Latter is short-lived
Which nerve is first involved in LE compartment syndrome? Which compartment?
deep peroneal nerve
anterior compartment
Can you r/o muscle necrosis if concerned for compartment syndrome, if CPK normal? Why?
NO.
CPK elevates 4-6hrs after onset necrosis
Mgmt femoral shaft fx
internal fixation w/ intramedullary rods, OR external fixation if complex bone injury or soft tissue injuries that preclude internal fixation
When need femoral angiography post-trauma?
- supracondylar femur fx
- post dislocation of knee
In trauma resuscitation, gastric mucosal pH reflective of…
adequacy of splanchnic perfusion during resus
AAST Renal CT Injury Scale
- contusion, or subcap hematoma only
- lac <1cm
- lac >1cm
- injury to collecting system or large lac
- main renal artery/vein lac, avulsions, shattered
AAST Liver CT Injury Scale
- <1cm
- ~2cm
- > 3cm
- > 10cm, or unilobe maceration
- bilobe maceration, venous injury
- avulsion
AAST Splenic CT Injury Scale
- <1cm
- ~2cm
- > 3cm
- > 10cm
- total devasc or maceration
Concern for renal trauma in adults if… (4)
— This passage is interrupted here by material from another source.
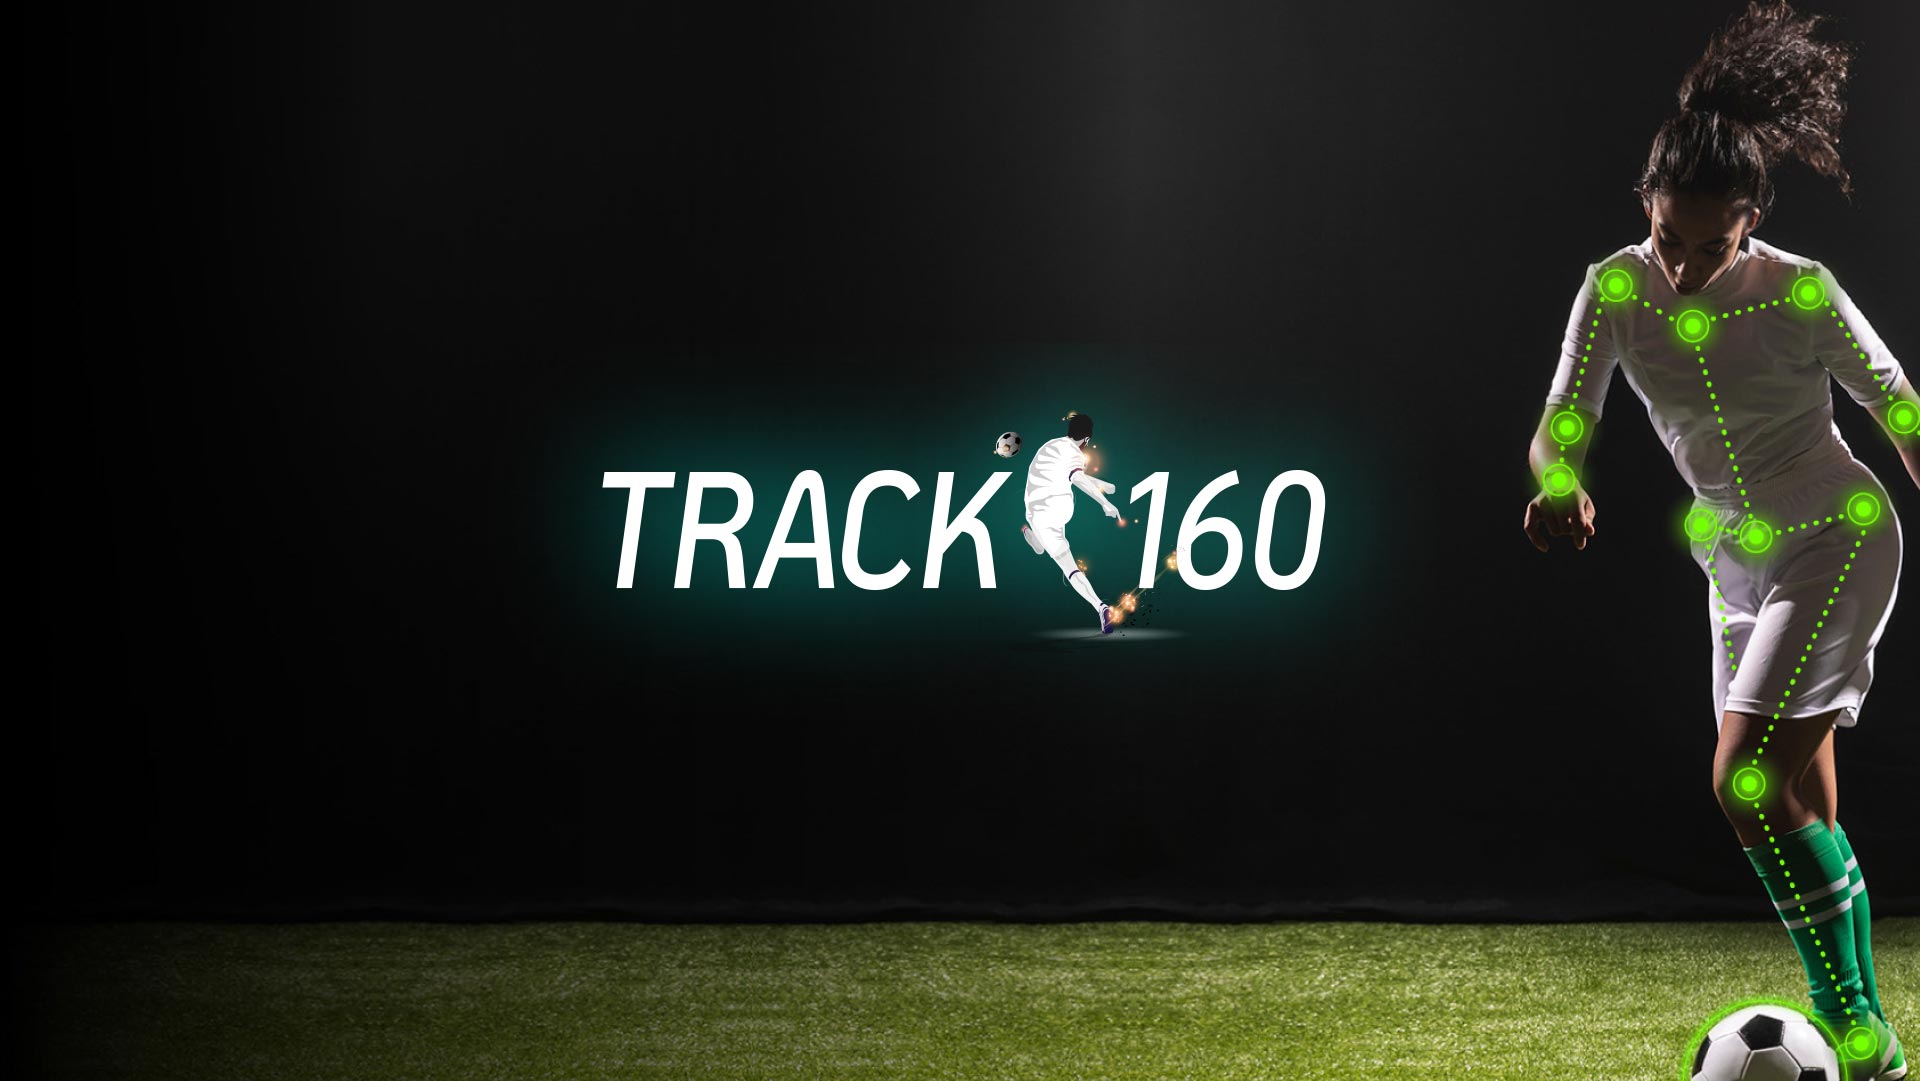 ダービースター Monta Track160 Hi Pod その他 さまざまなサッカー スポーツ関連商品の輸入販売 Nselection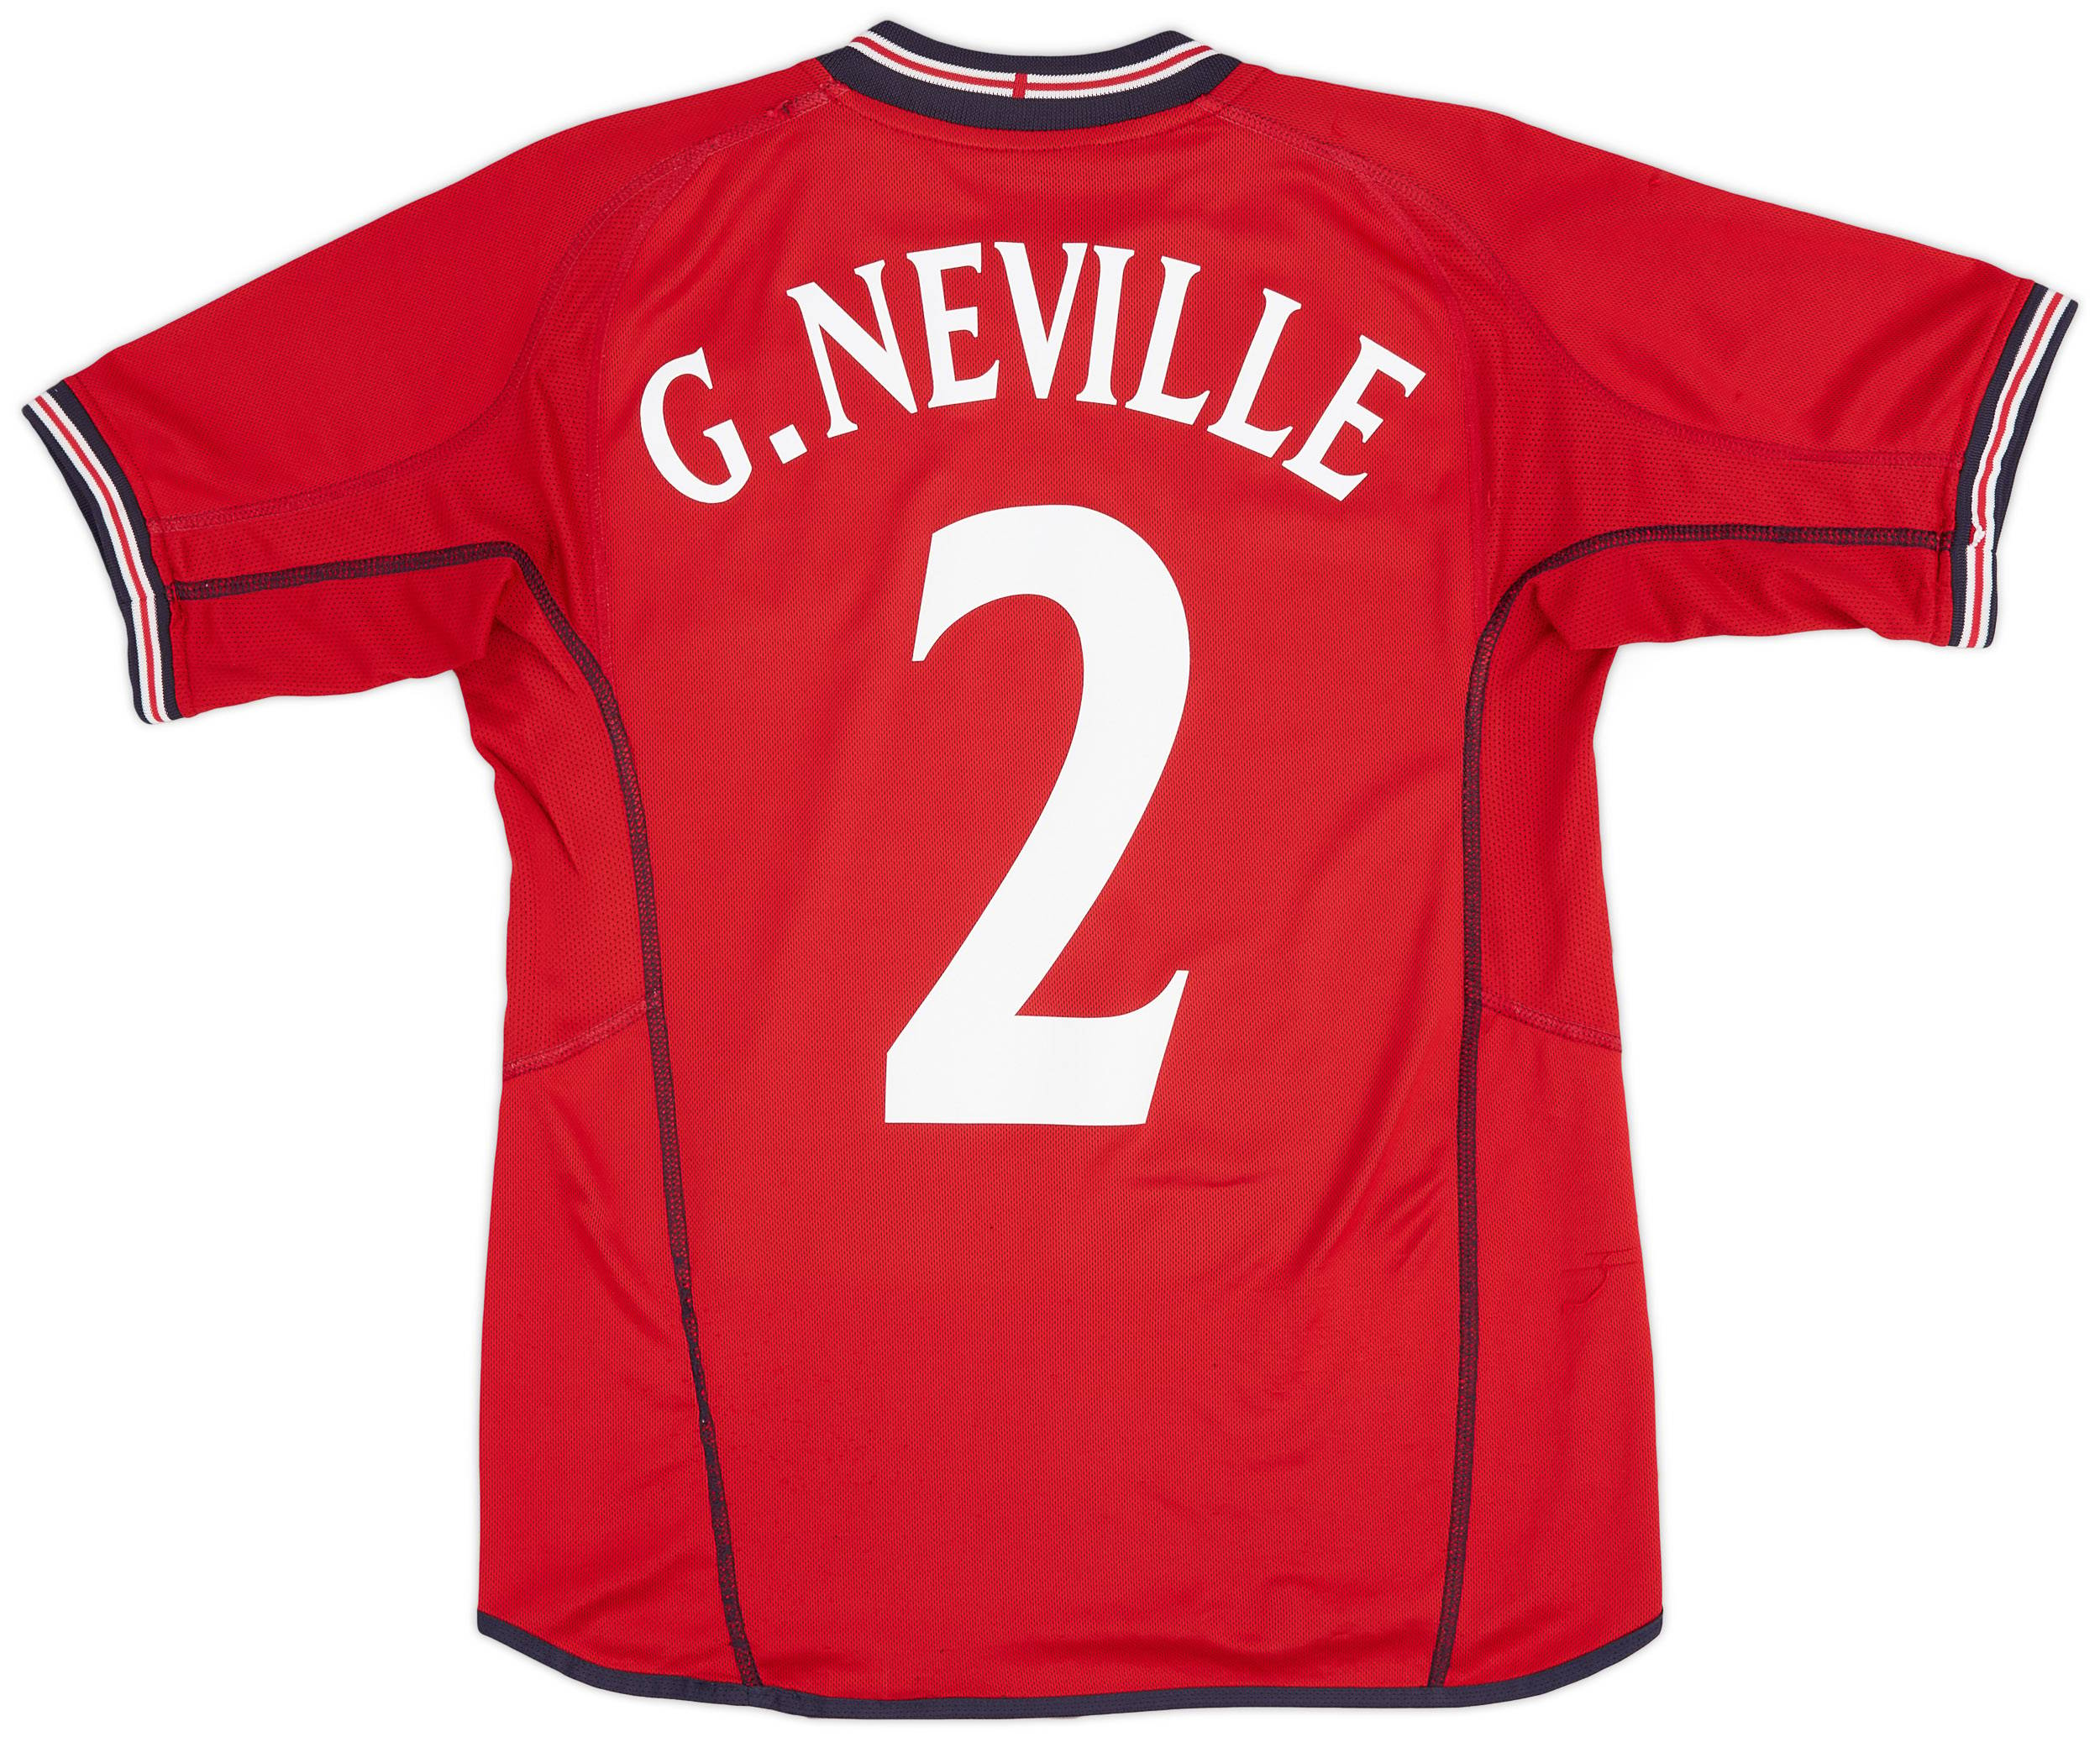 2002-04 England Away Shirt G.Neville #2 - 8/10 - (S)

- penetrating trauma to flank or abd regardless of hematuria
- blunt trauma with gross/microscopic hematuria + shock
- deceleration injuries
- major associated intraabd injuries + microhematuria
When does CK peak following onset of muscle injury?
24-72 hours
Compartment syndrome pt, +Hgb on dipstick, by neg on microscopy… concern for?
Rhabdomyolysis
Workup cardiac trauma, no hemothorax vs. none
if hemothorax -> subxiphoid exploration
if none -> echo
Triangle of safety for CT placement
Superior: base of axilla Lateral: edge of lat dorsi Medial: edge of pec major Inferior: 5th intercostal Anterior of mid-axillary
Why want CT placed anterior to mid-axillary line?
Avoid long thoracic nerve
Biggest complicative risk to what organ s/p femur injury?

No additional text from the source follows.